Python CSV to JSON parser add quotes to output

I have a CSV to JSON Python script thanks to the user Petri that let's me convert a Geonames CSV dump into a MongoImport-friendly JSON.

The problem is that Geonames has a field called alternatenames that is currently quoted and treated as one long string. Therefore it cannot be queried properly in MongoDB. I would like to change the field to a string array such as: "alternatenames":["name1", "name2"]

The Python script looks like this:

import csv, simplejson, decimal, codecs

data = open("cities.txt")
reader = csv.DictReader(data, delimiter=",", quotechar='"')

with codecs.open("cities.json", "w", encoding="utf-8") as out:
   for r in reader:
      for k, v in r.items():
         # make sure nulls are generated
         if not v:
            r[k] = None
         # parse and generate decimal arrays
         elif k == "loc":
            r[k] = [decimal.Decimal(n) for n in v.strip("[]").split(",")]
         # generate a number
         elif k == "geonameid":
            r[k] = int(v)
      out.write(simplejson.dumps(r, ensure_ascii=False, use_decimal=True)+"\n")

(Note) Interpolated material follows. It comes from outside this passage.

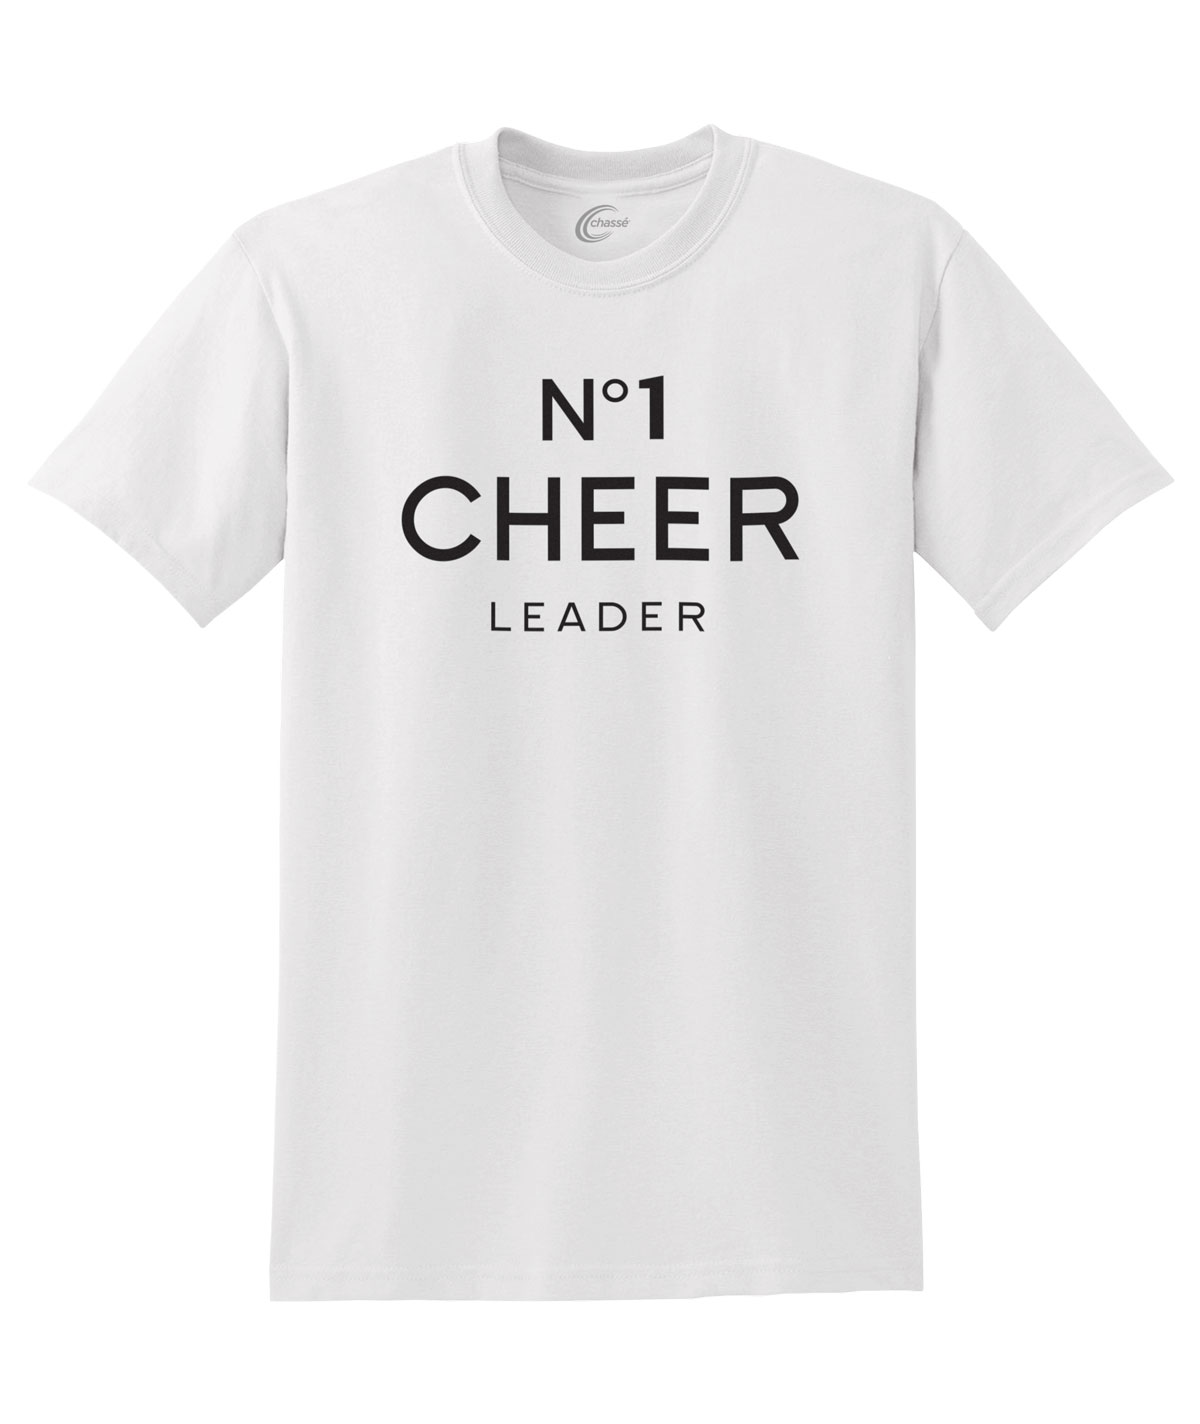 Chasse No 1 Cheer Leader Tee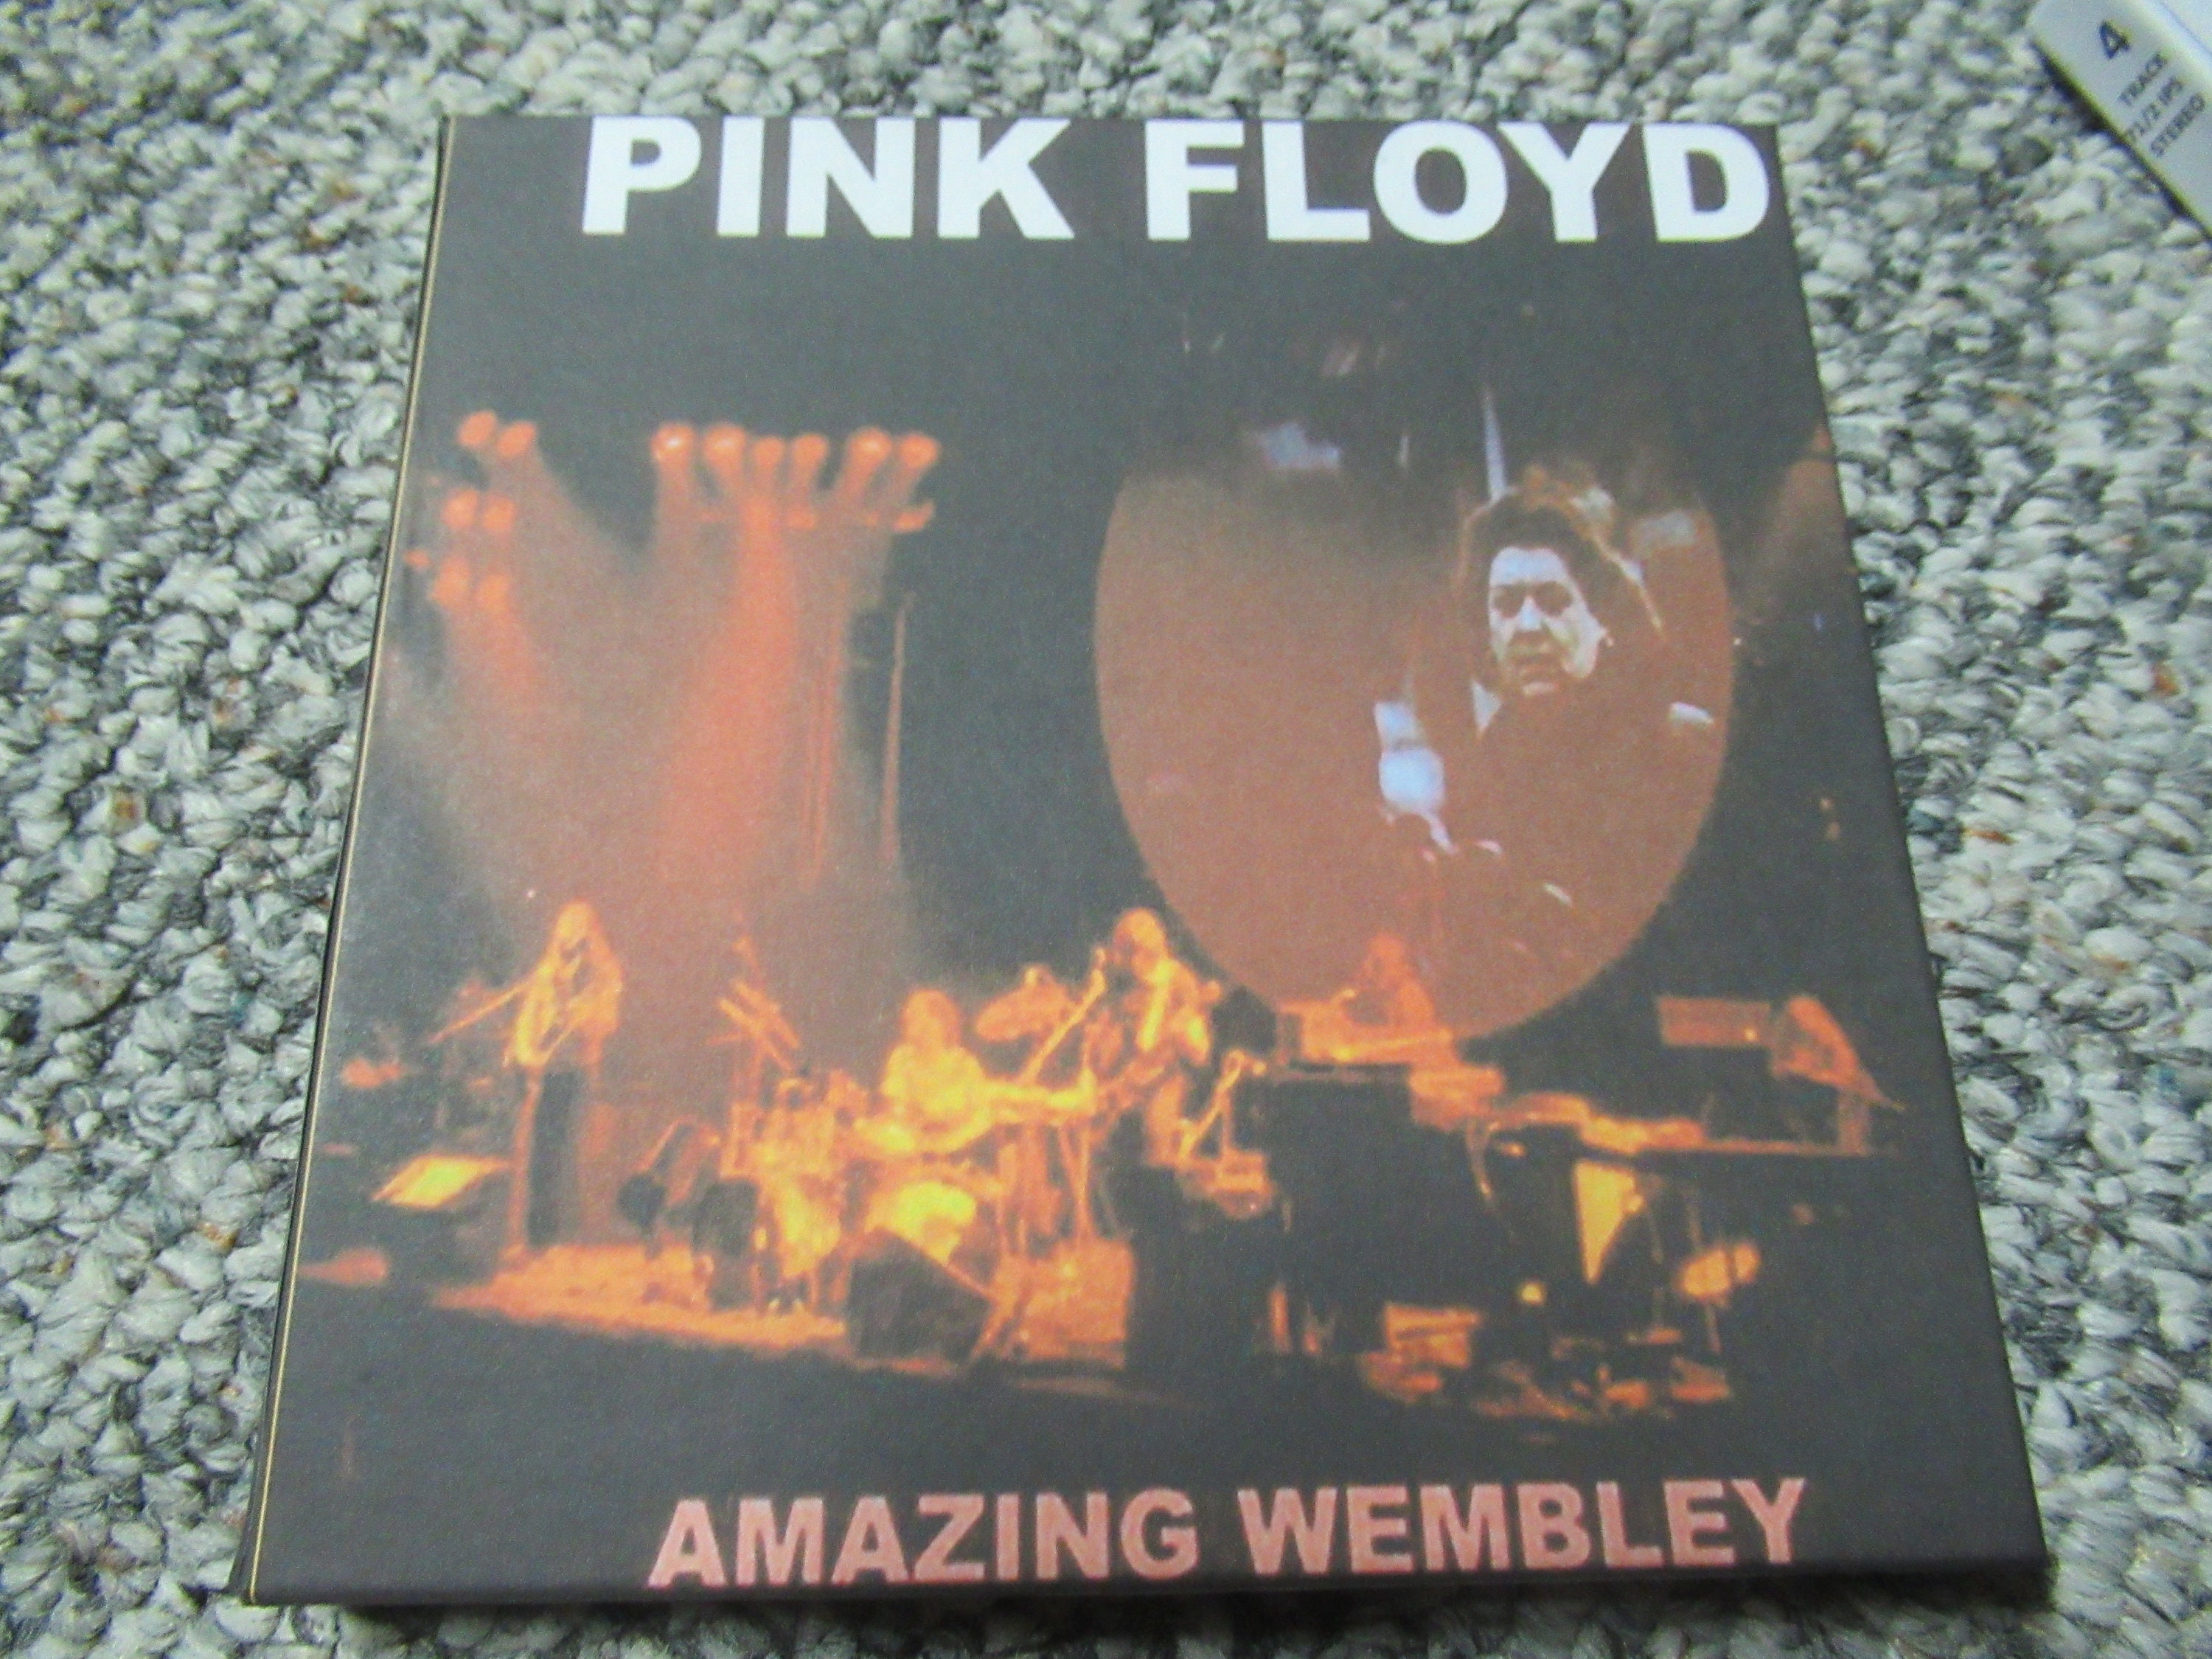 Pink Floyd Live at Wembley 71/2 IPS 4track Reel to Reel Tape -  Canada

My CSV has the following fields:

"geonameid","name","asciiname","alternatenames","loc","feature_class","feature_code","country_code","cc2","admin1_code","admin2_code","admin3_code","admin4_code"
3,"Zamīn Sūkhteh","Zamin Sukhteh","Zamin Sukhteh,Zamīn Sūkhteh","[48.91667,32.48333]","P","PPL","IR",,"15",,,
5,"Yekāhī","Yekahi","Yekahi,Yekāhī","[48.9,32.5]","P","PPL","IR",,"15",,,
7,"Tarvīḩ ‘Adāī","Tarvih `Adai","Tarvih `Adai,Tarvīḩ ‘Adāī","[48.2,32.1]","P","PPL","IR",,"15",,,

My current JSON output looks like this:

{"loc": [48.91667, 32.48333], "name": "Zamīn Sūkhteh", "geonameid": 3, "feature_class": "P", "admin3_code": null, "admin2_code": null, "cc2": null, "feature_code": "PPL", "country_code": "IR", "admin1_code": "15", "alternatenames": "Zamin Sukhteh,Zamīn Sūkhteh", "asciiname": "Zamin Sukhteh", "admin4_code": null}
{"loc": [48.9, 32.5], "name": "Yekāhī", "geonameid": 5, "feature_class": "P", "admin3_code": null, "admin2_code": null, "cc2": null, "feature_code": "PPL", "country_code": "IR", "admin1_code": "15", "alternatenames": "Yekahi,Yekāhī", "asciiname": "Yekahi", "admin4_code": null}
{"loc": [48.2, 32.1], "name": "Tarvīḩ ‘Adāī", "geonameid": 7, "feature_class": "P", "admin3_code": null, "admin2_code": null, "cc2": null, "feature_code": "PPL", "country_code": "IR", "admin1_code": "15", "alternatenames": "Tarvih `Adai,Tarvīḩ ‘Adāī", "asciiname": "Tarvih `Adai", "admin4_code": null}

I would like to change the JSON output to add a string array as follows (scroll to the right to alternatenames):

{"loc": [48.91667, 32.48333], "name": "Zamīn Sūkhteh", "geonameid": 3, "feature_class": "P", "admin3_code": null, "admin2_code": null, "cc2": null, "feature_code": "PPL", "country_code": "IR", "admin1_code": "15", "alternatenames": ["Zamin Sukhteh", "Zamīn Sūkhteh"], "asciiname": "Zamin Sukhteh", "admin4_code": null}
{"loc": [48.9, 32.5], "name": "Yekāhī", "geonameid": 5, "feature_class": "P", "admin3_code": null, "admin2_code": null, "cc2": null, "feature_code": "PPL", "country_code": "IR", "admin1_code": "15", "alternatenames": ["Yekahi,Yekāhī"], "asciiname": "Yekahi", "admin4_code": null}
{"loc": [48.2, 32.1], "name": "Tarvīḩ ‘Adāī", "geonameid": 7, "feature_class": "P", "admin3_code": null, "admin2_code": null, "cc2": null, "feature_code": "PPL", "country_code": "IR", "admin1_code": "15", "alternatenames": ["Tarvih `Adai", "Tarvīḩ ‘Adāī"], "asciiname": "Tarvih `Adai", "admin4_code": null}

Also, should I change my quotechar in my Access 2010-exported CSV to ^ instead of " to avoid double quoting?

Thanks for any help.

Solution

Add another "elif" to your existing ones to handle the "alternatenames":

     elif k == "alternatenames":
        r[k] = [name.strip() for name in v.split(",")]

So first split the string on commas and then strip off the whitespace at the start/end.